JAMES II. Document signed ("James R" at head), to Edward Lord Cornbury, Colonel of the Royal Regiment of Dragoons, 1687
Lot 95*
JAMES II. Document signed ("James R" at head), to Edward Lord Cornbury, Colonel of the Royal Regiment of Dragoons, 1687
Sold for £1,250 (US$ 2,123) inc. premium
Lot Details
JAMES II
Document signed ("James R" at head), to Edward Lord Cornbury, Colonel of the Royal Regiment of Dragoons, ordering him to remove Captains Culliford and Strother's troops from Nantwich, Cheshire, to Whitcurch in Shropshire ("...And the officers are to take care that the Soldiers behave themselves Civilly & Pay their Landlords. And all Magistrates, Justices of the Peace, Constables and other our officers whom it may concern, are hereby required to be assisting to them in providing Quarters and otherwise as there shall be occasion..."), counter-signed by William Blathwayt, Secretary at War, one page, integral blank with contemporary docket, on paper with City of Amsterdam watermark, trace of wafer where sealed for dispatch, dust-stained where originally folded for dispatch and exposed, some dust-staining and creasing elsewhere but overall in attractive and robust condition, folio, Windsor, 4 June 1687

Footnotes

  • JAMES II TO HIS BROTHER-IN-LAW, LORD CORNBURY, SOON AFTERWARDS TO BE THE FIRST ENGLISH OFFICER TO DEFECT TO WILLIAM III, AND LATER A NOTORIOUS TRANSVESTITE GOVERNOR OF NEW YORK. Edward Hyde, Lord Cornbury (1661-1723) was the only child of Edward Earl of Clarendon, the historian and quondam Lord Chancellor, by his first marriage, and therefore half-brother of Anne Hyde, James II's first wife (who had died in 1671); making him uncle to two future queens of England, Mary II and Anne. When Mary's husband William III landed at Torbay on 5 November 1688 and set up his headquarters at Exeter, Cornbury promptly joined his banner, before even the crucial defection of the future Duke of Marlborough, his predecessor as Colonel of the Royal Dragoons, and his niece, Princess Anne. In W. A. Speck's account: 'James initially determined to stay in London and oblige his son-in-law to advance towards the capital. But William stayed in the west country for several days, so that his forces could recuperate from the voyage, and in expectation that they would be joined by deserters from the king's army. A few, led by Edward Hyde, Lord Cornbury, son of the earl of Clarendon, did go over to him while he was at Exeter. Although the numbers that deserted James were not great, and the news that many men actually returned to their posts cheered him, he was sufficiently concerned by the breakdown of discipline in his army to go down to Salisbury to reassert his authority' (ODNB).
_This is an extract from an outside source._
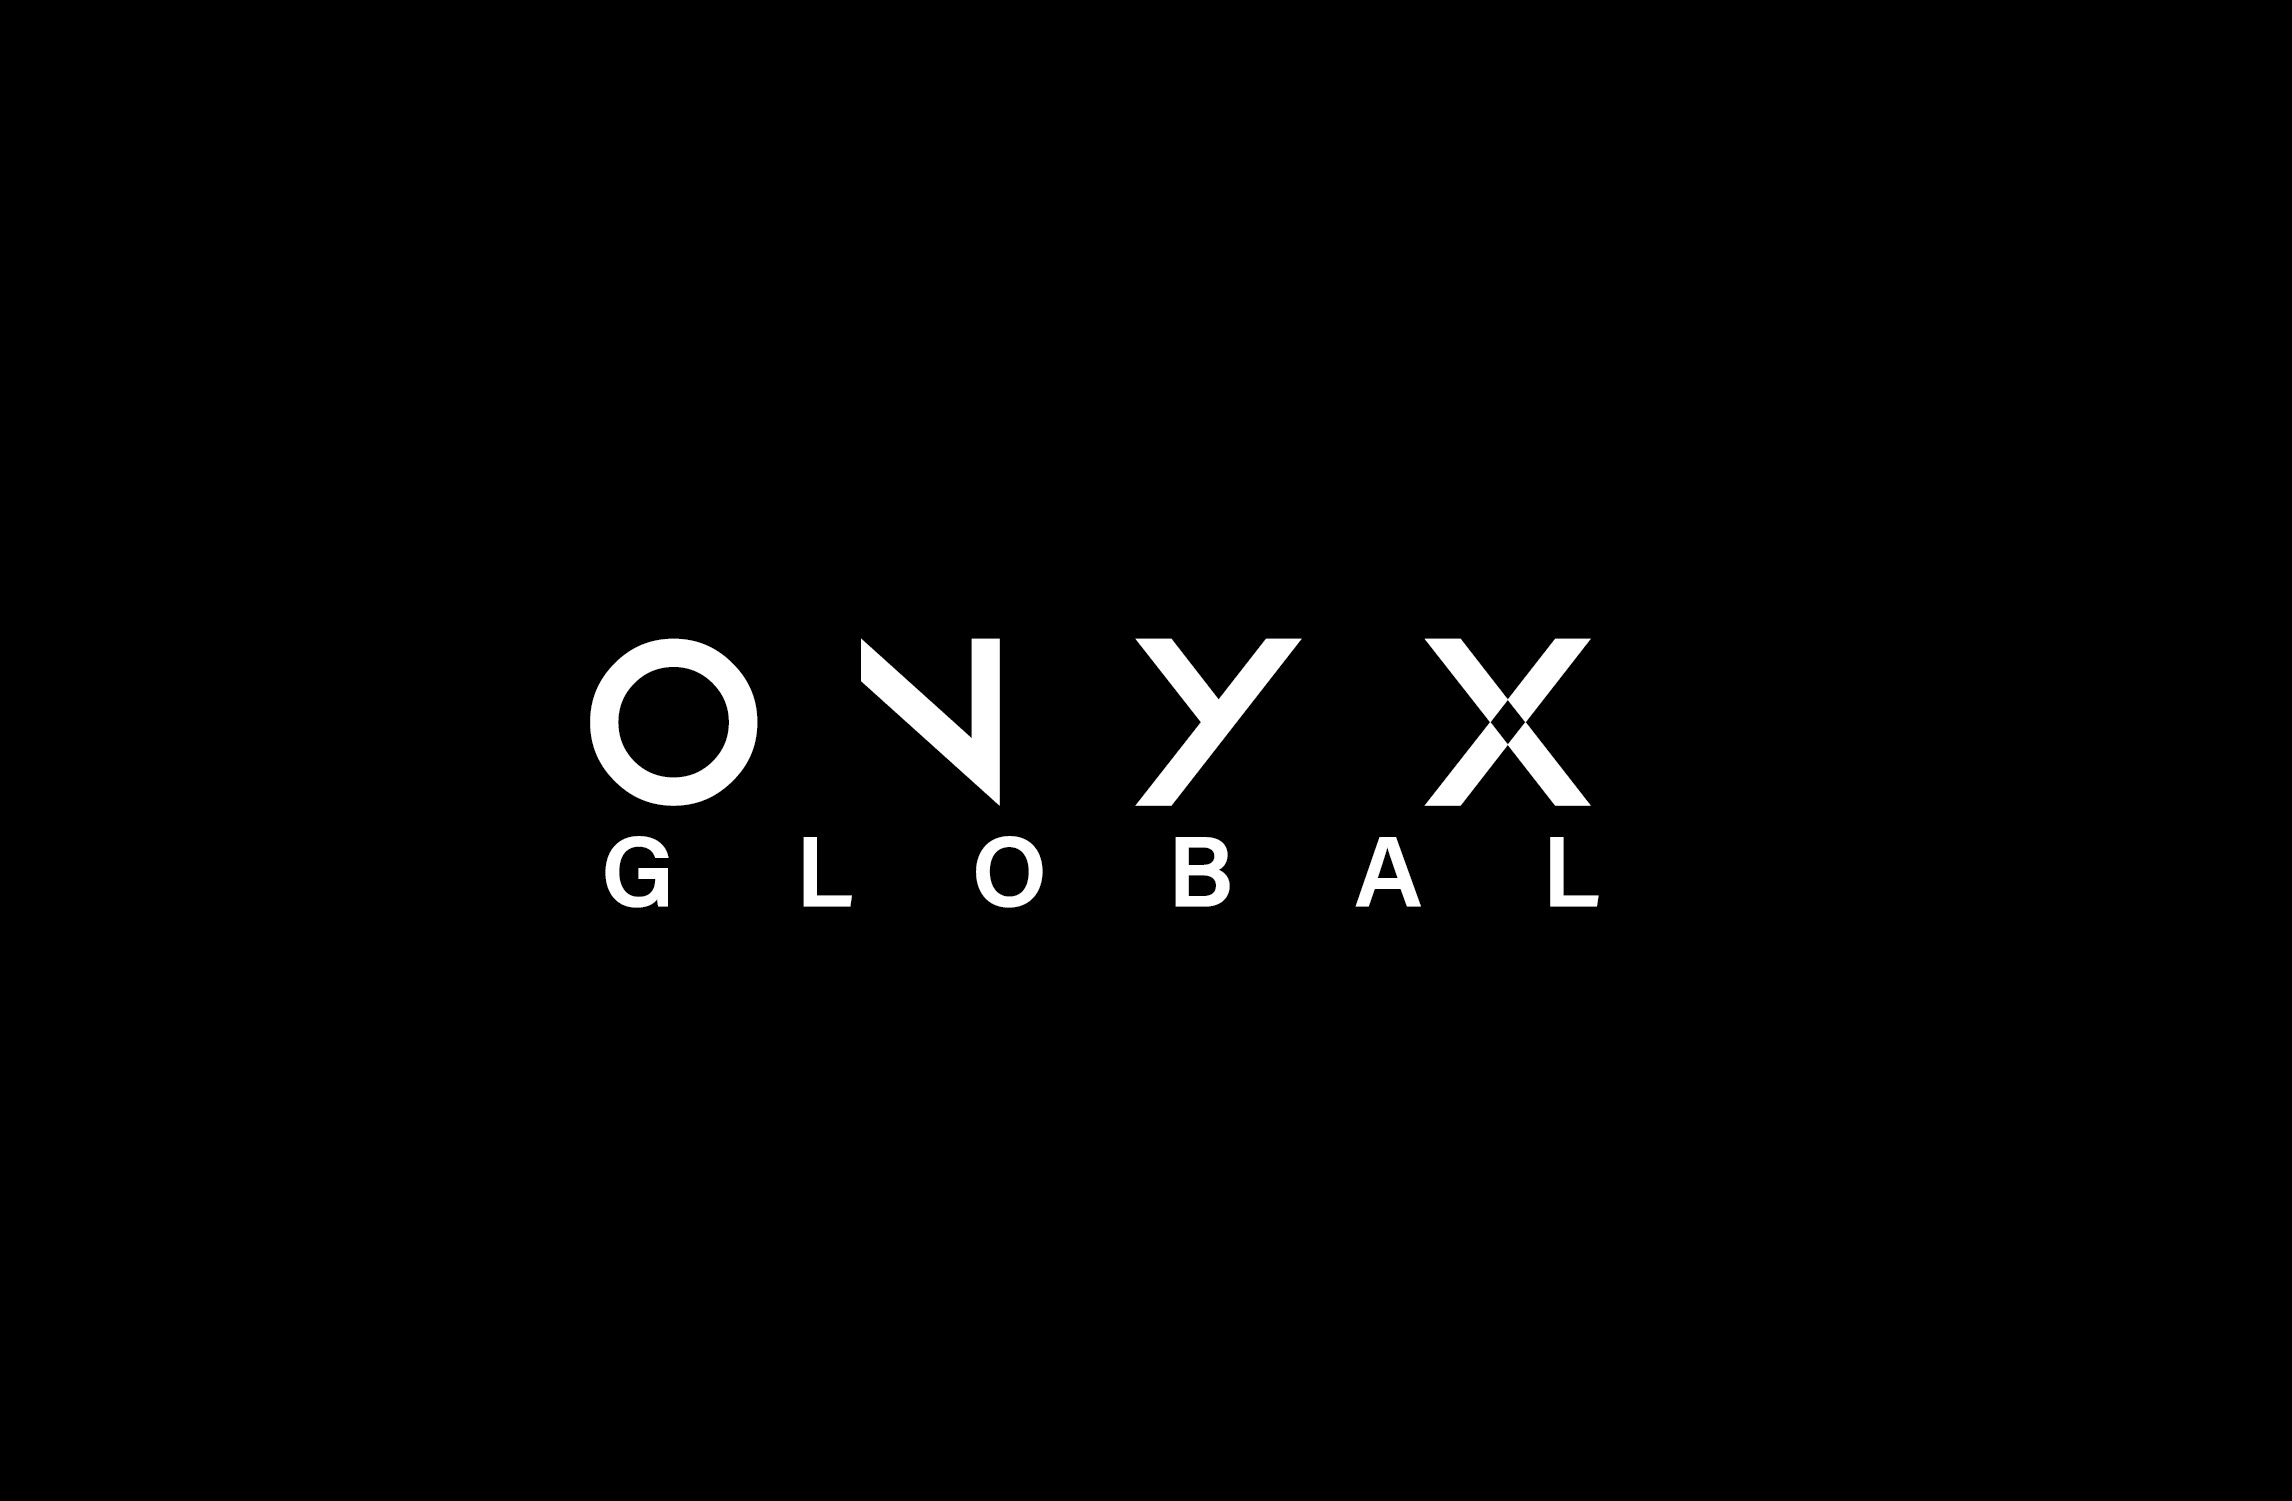 Onyx Global, LLC

    Cornbury however is more widely remembered for his governorship of New Jersey and New York, a post he was to hold from 1702 to 1708 (and which is commemorated by New York's Hyde Park). Popular history accounts him as possibly the worst governor ever imposed by Britain on her American colonies. In Patricia U. Bonomi's words Cornbury 'is ritually set down in the history books as a man of corrupt, venal and bigoted character. He is also depicted as a transvestite who scandalized colonial American society by appearing publicly in woman's clothes. It is a rare historical consensus, one that has stood unchallenged for more than two centuries' (The Lord Cornbury Scandal: The Politics of Reputation in British America, 1998, p. 1 – a study that seeks instead to attribute this notoriety to a newly emergent Grub Street press and the growth of political satire in the American colonies).